Well, the government did not shut down last week, and, apparently this is newsworthy.
Not only is this newsworthy, the feat has been heralded as one of the greatest compromises in recent years between Congress and the White House. (That is until the next day when both sides began declaring victory over the other side.)
The shutdown was prevented only after President Obama, Speaker John Boehner and Senate Majority Leader Harry Reid held a meeting to hash out this “great compromise that almost wasn’t.”
But it should never have gotten to that point. This country has something called democracy that is supposed to keep closed-door meetings from happening.
All of the partisan bickering created a huge mess that nearly resulted in the shutdown of the most powerful nation in the world, and that should be unacceptable.
Some 800,000 federal employees and all government recipients (this includes Social Security for readers that think only Welfare people get government funds) waited to see if the government they elected to protect them would throw them under the bus because election season is coming up and neither side wants to give ammunition to the other.
The truth of the matter is that the government should never shut down, and it is ridiculous that Americans have to worry about such a thing happening simply because our leaders can’t get with it.

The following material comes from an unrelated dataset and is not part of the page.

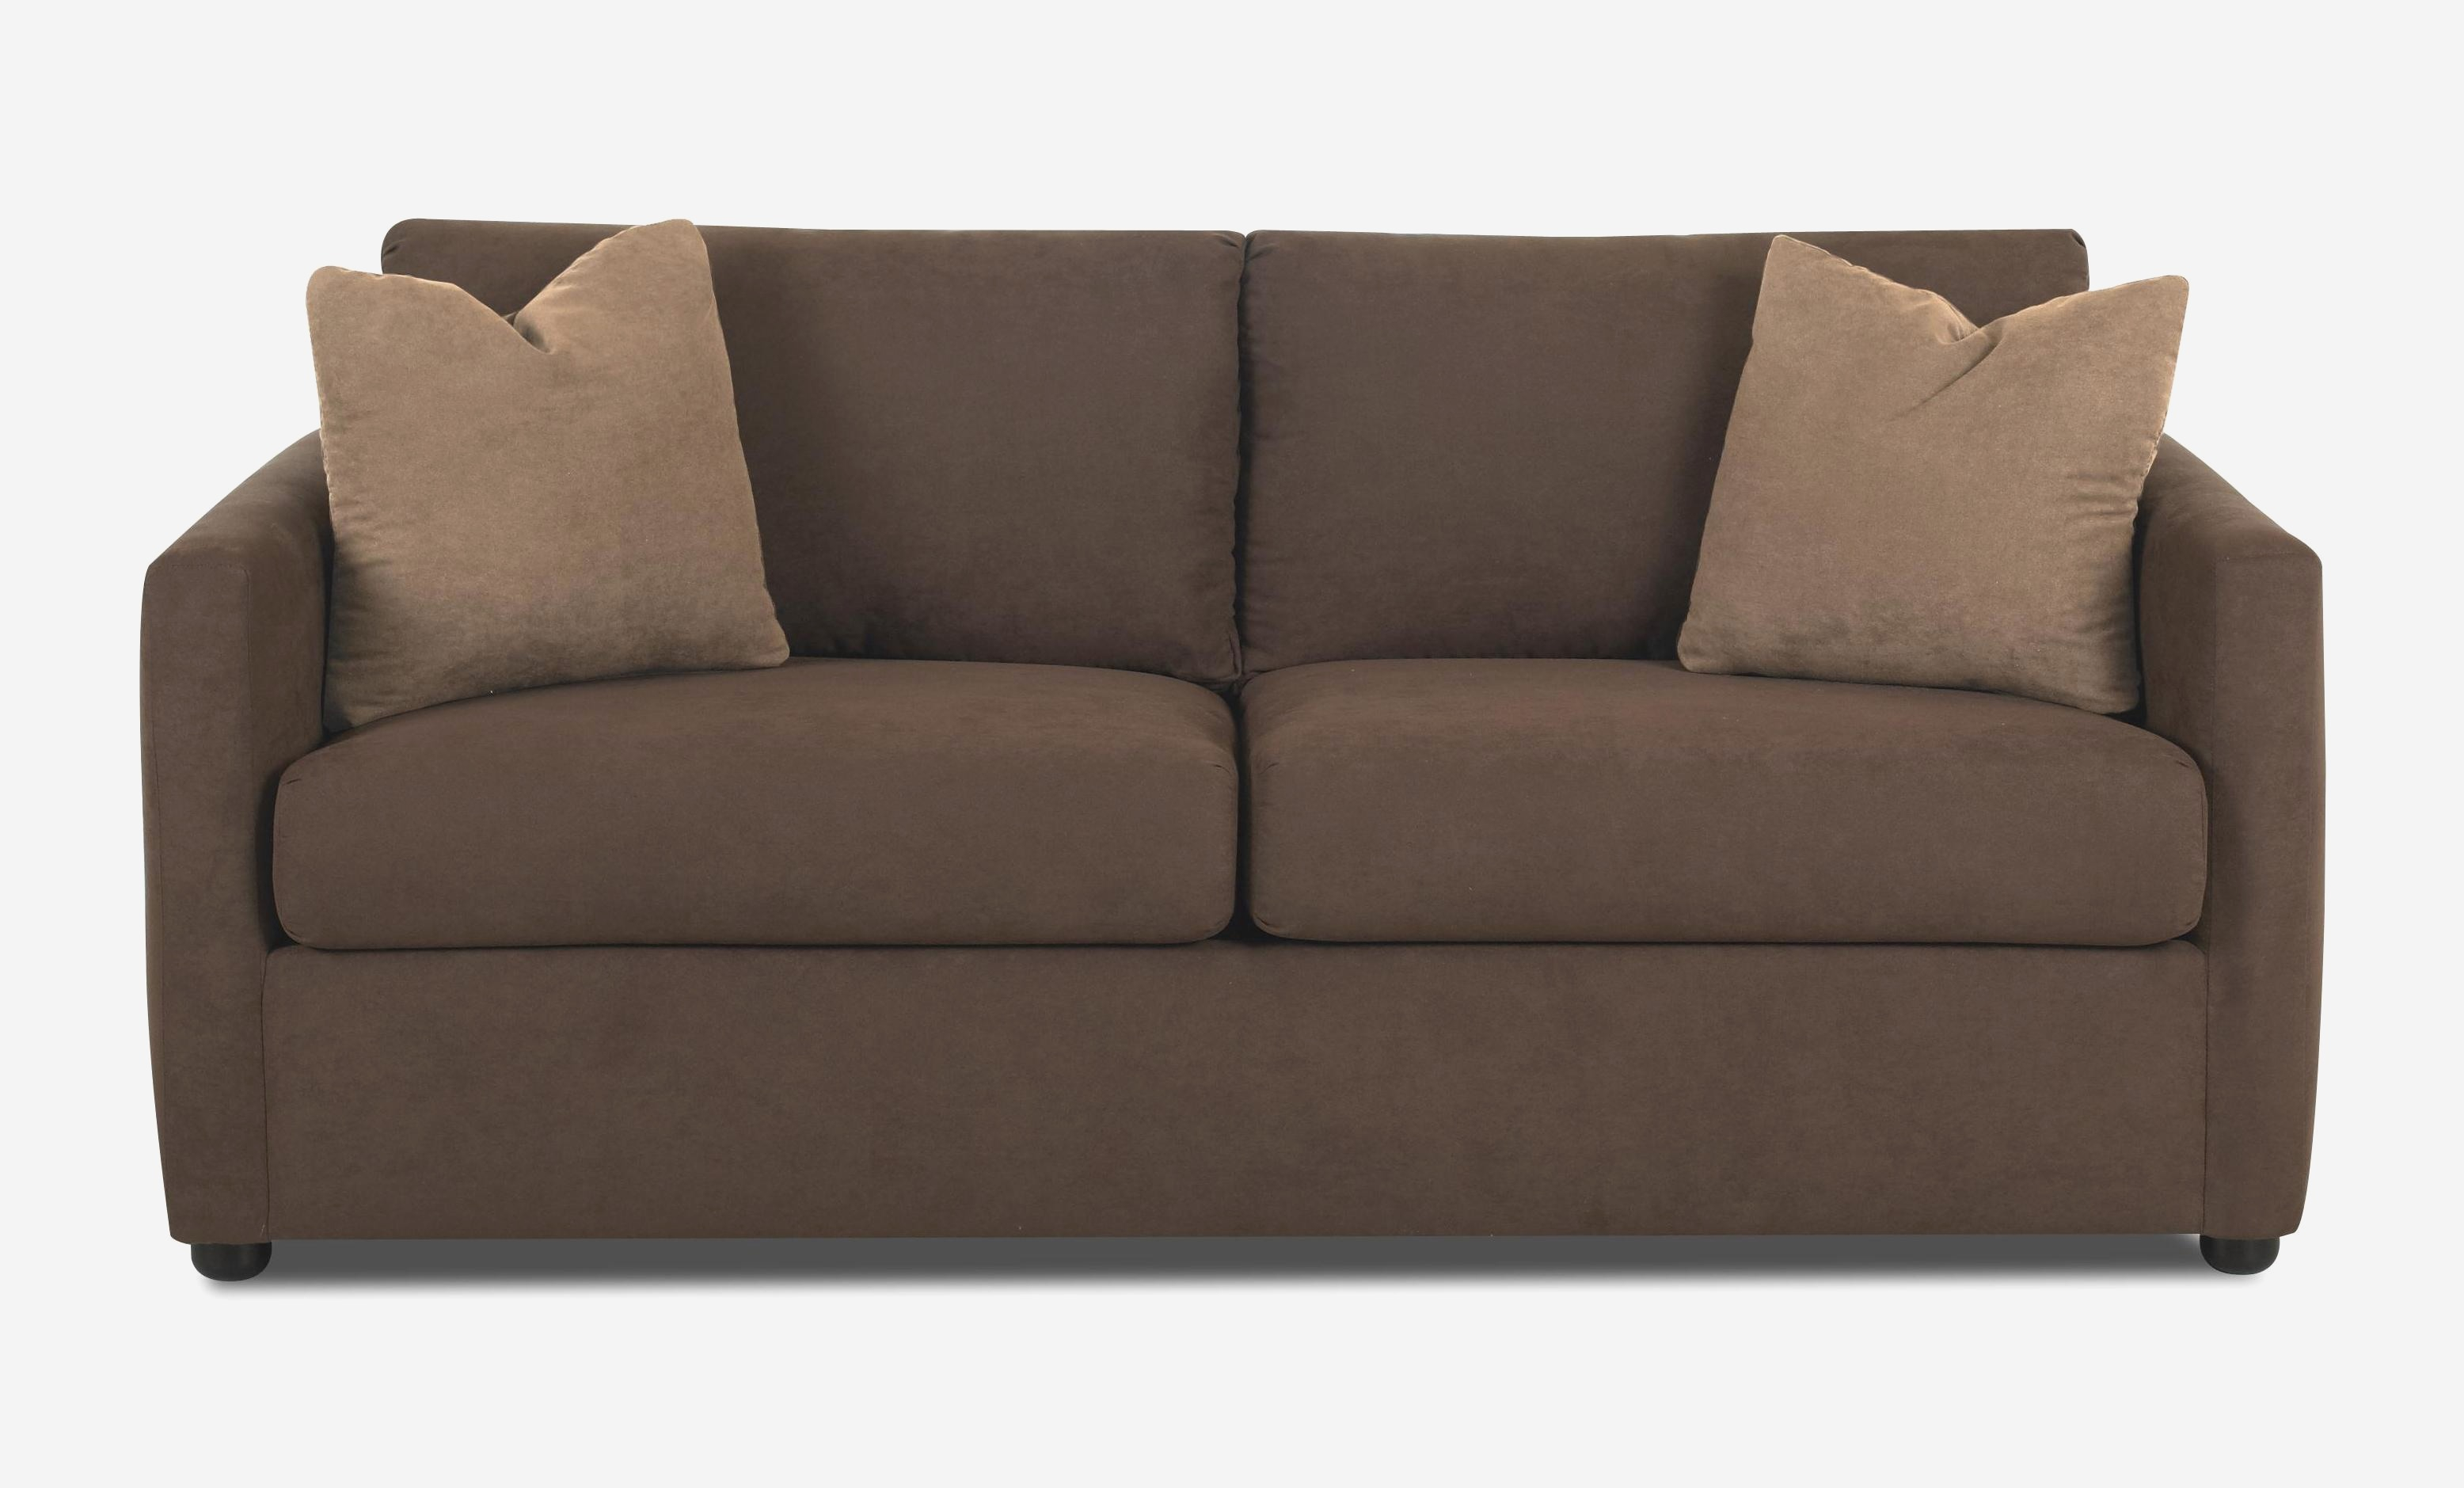 Sleeper Sofa Or Loveseat Patio Ideas

What a sad state of affairs we have found ourselves in. How horrible is it that the people of the United States would be made to suffer because Democrats and Republicans cannot even agree on what color the sky is?
This near shutdown of the government is proof that the two-party system has run its course. When the people you are elected to serve no longer matter, and the politics within politics are all that do, something has got to change.
Real change, not the “change” candidates tout as a way to rally people to the polls.
Maybe Congress should just divvy themselves into Team D and Team R, arm themselves and have a big street brawl down Constitution Ave. like that scene in “Gangs of New York.”
Maybe then we could elect a whole new slate of legislators who are interested in the people they serve, not the party masters holding meetings in smoke-filled rooms.
It is time the people in Congress get over themselves and work together.
More times than not, the answers to the nation’s problems are not Red answers or Blue answers. They are Purple answers.
The men and women that run Washington, D.C., need to realize that and start working together so that the word “shutdown” is never breathed again.